We first need to remind ourselves of the simple fact that the number e is just a real number: it’s equal to 2.718281828459045235360287471 etcetera. We have to write ‘etcetera’ because e is an irrational number, which – whatever the term ‘irrational’ may suggest in everyday language – simply means that e is not a fraction of any integer numbers (so irrational means ‘not rational’). e is also a transcendental number – a word which suggest all kinds of mystical properties but which, in mathematics, only means we cannot write it as a root of some polynomial (a polynomial with rational coefficients that is). So it’s a weird number. That being said, it is also the so-called ‘natural’ base for the exponential function. Huh? Why would mathematicians take such a strange number as a so-called ‘natural’ base? They must be irrational, no? Well… No. If we take e as the base for the exponential function e^x (so that’s just this real (but irrational) number e to the power x, with x being the variable running along the x-axis: hence, we have a function here which takes a value from the set of real numbers and which yields some other real number), then we have a function here which is its own derivative: d(e^x)/dx = e^x. It is also the natural base for the logarithmic function and, as mentioned above, it kind of ‘pops up’ – quite ‘naturally’ indeed I’d say – in many other expressions, such as compound interest calculations for example or the general exponential function a^x = e^{x lna}. In other words, we need this and exp(x) and ln(x) functions to define powers of real numbers in general. So that’s why mathematicians call it ‘natural’.

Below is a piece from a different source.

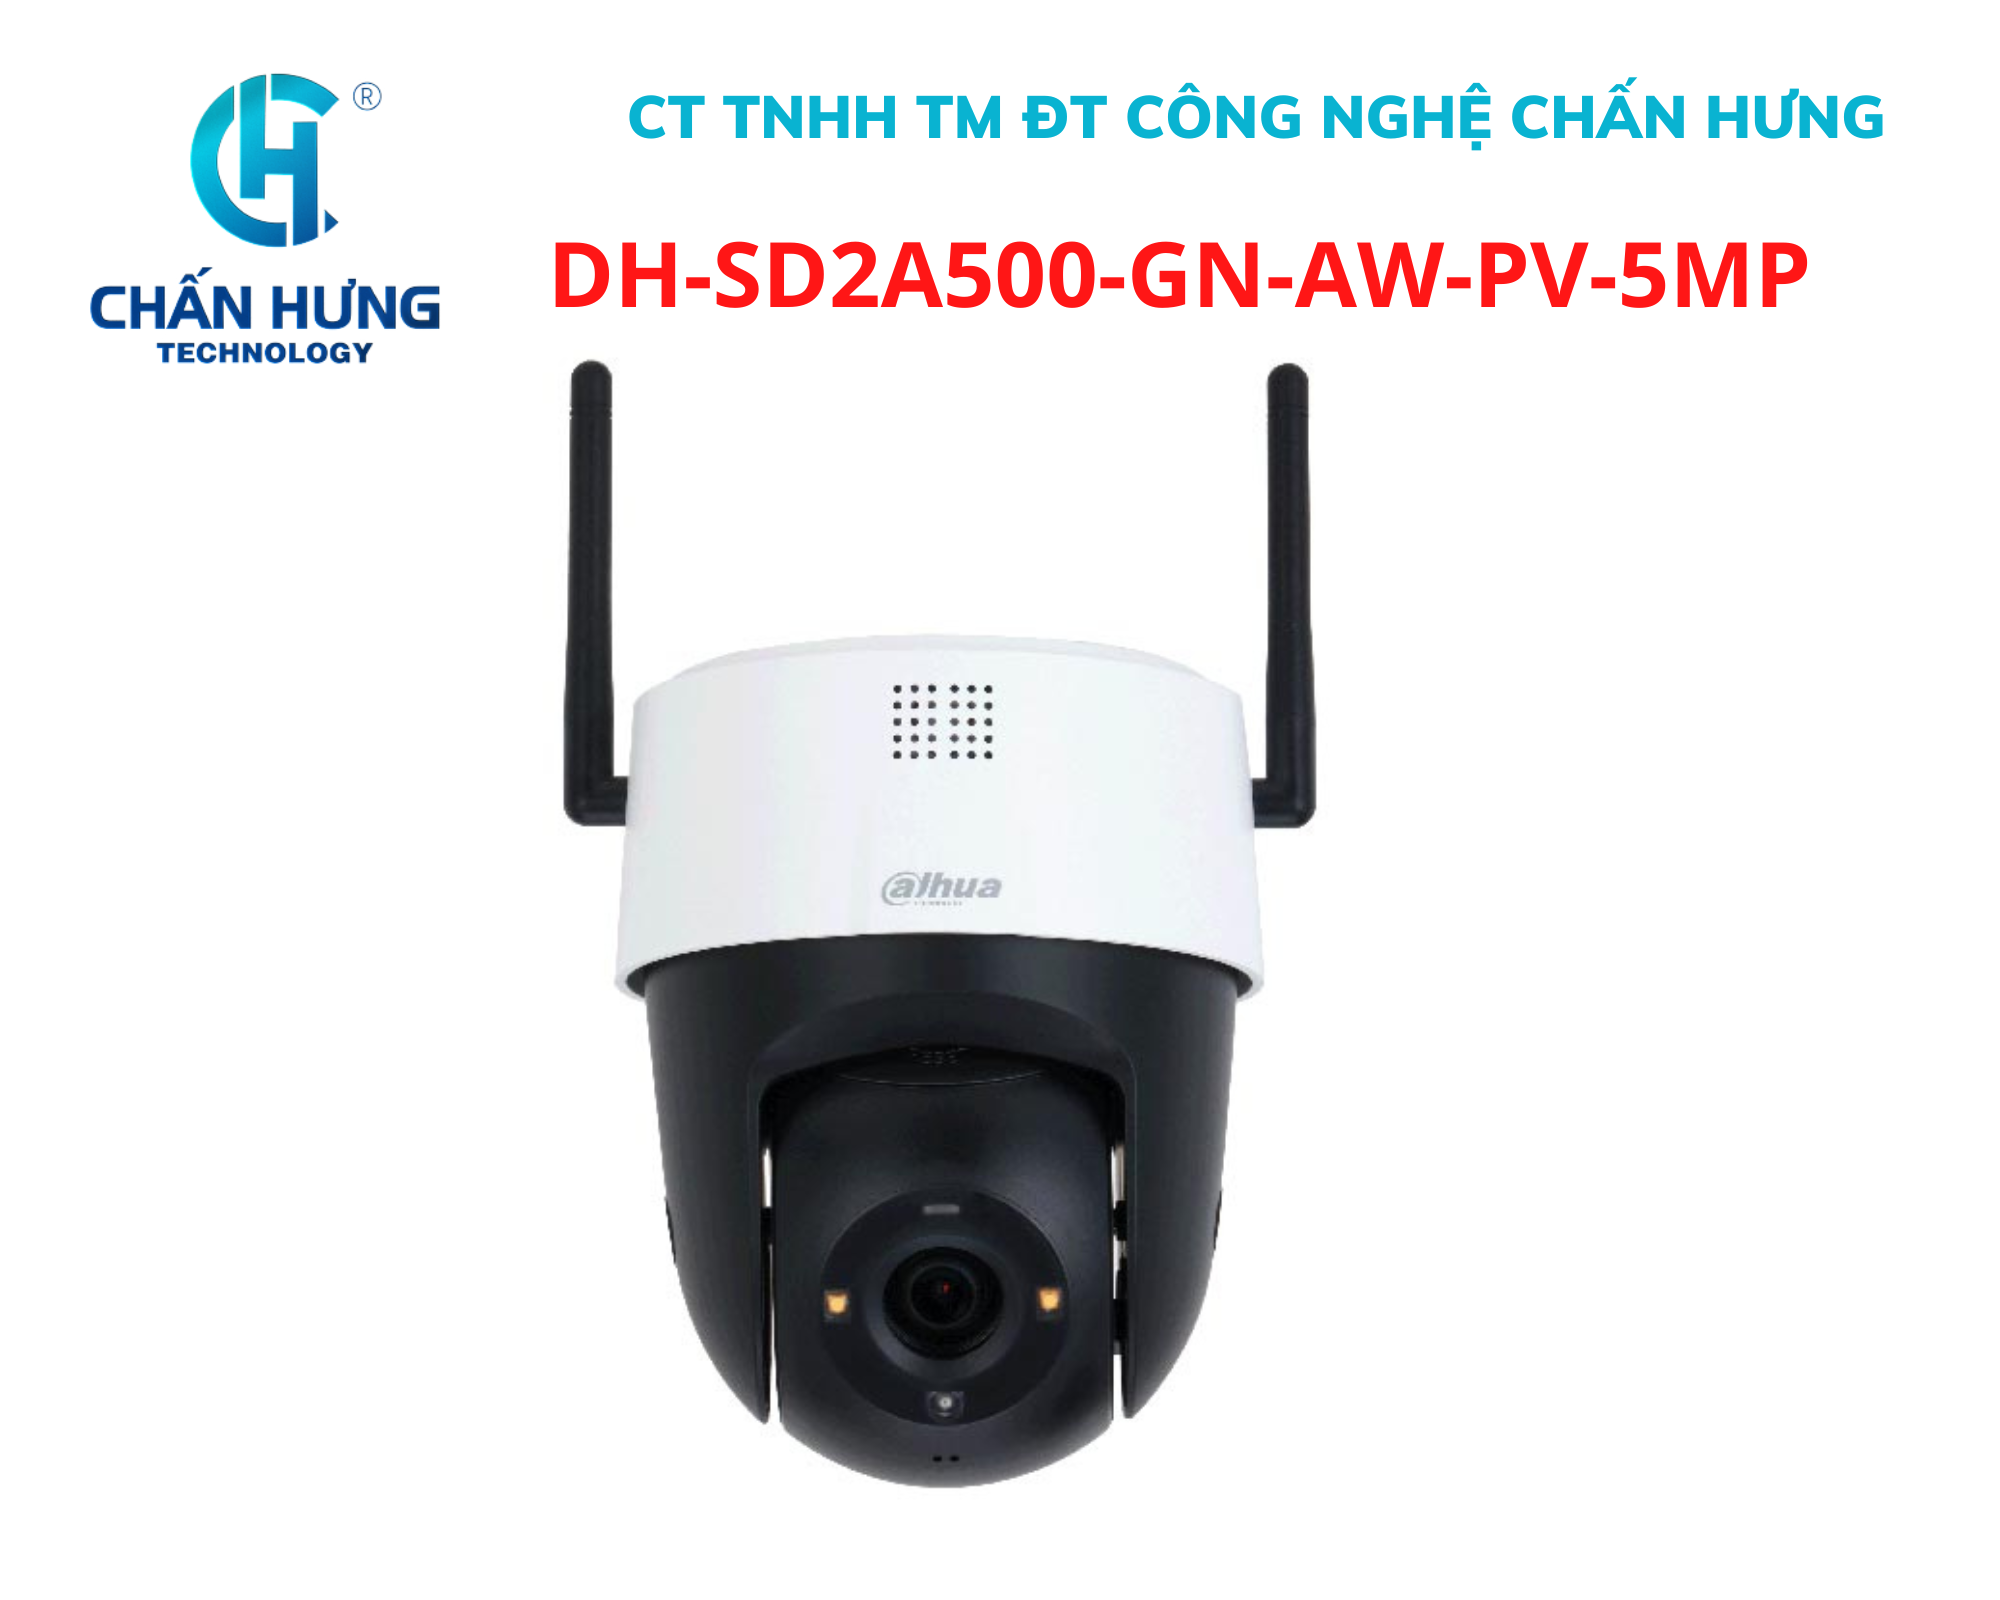 Camera an ninh PTZ wifi Dahua DH-SD2A500-GN-AW-PV 5MP, khe cắm thẻ nhớ 512Gb, đàm thoại 2 chiều - Hàng chính hãng

While the example of compound interest calculations does not sound very exciting, all these formulas with e and exponential functions and what have you did inspire all these 18^th century mathematicians – like Euler – who were in search of a logical definition of complex powers.

Let’s state the problem once again: we can do addition and multiplication of complex numbers but so the question is how to do complex powers. When trying to figure that one out, Euler obviously wanted to preserve the usual properties of powers, like a^xa^y = a^x+y and, effectively, this property of the so-called ‘natural’ exponential function that d(e^x)/dx = e^x. In other words, we also want the complex exponential function to be its own derivative so d(e^z)/dz should give us e^zonce again.

Now, while Euler was thinking of that (and of many other things too of course), he was well aware of the fact that you can expand e^x into that power series which I mentioned above: e^x = 1/0! + x/1! + (x)²/2! + (x)³/3! +… etcetera. So Euler just sat down, substituted the real number x with the imaginary number ix and looked at it: e^ix = 1 + ix + (ix)²/2! + (ix)³/3! +… etcetera. Now lo and behold! Taking into account that i² = -1, i³ = –i, i⁴ = 1, i⁵ = i, etcetera, we can put that in and re-arrange the terms indeed and so Euler found that this equation becomes e^ix = (1 – x²/2! + x⁴/4! – -x⁶/6! +…) + i(x – x³/3! + x⁵/5! -… ). Now these two terms do correspond to the Maclaurin series for the cosine and sine function respectively, so there he had it: e^ix = cos(x) + isin(x). His formula: Euler’s formula!

From there, there was only one more step to take, and that was to write e^z = e^x+iy as e^xe^iy, and so there we have our definition of a complex power: it is a product of two factors – e^xand e^iy– both of which we have effectively defined now. Note that the e^x factor is just a real number, even if we write it as e^x: it acts as a sort of scaling factor for e^iywhich, you will remember (as we pointed it out above already), is a point on the unit circle. More generally, it can be shown that e^xis the absolute value of e^z (or the modulus or length or magnitude of the vector – whatever term you prefer: they all refer to the same), while y is the argument of the complex number e^z (i.e. the angle of the vector e^zwith the real axis). [And, yes, for those who would still harbor some doubts here: e^zis just another complex number and, hence, a two-dimensional vector, i.e. just a point in the Cartesian plane, so we have a function which goes from the set of complex numbers here (it takes z as input) and which yields another complex number.]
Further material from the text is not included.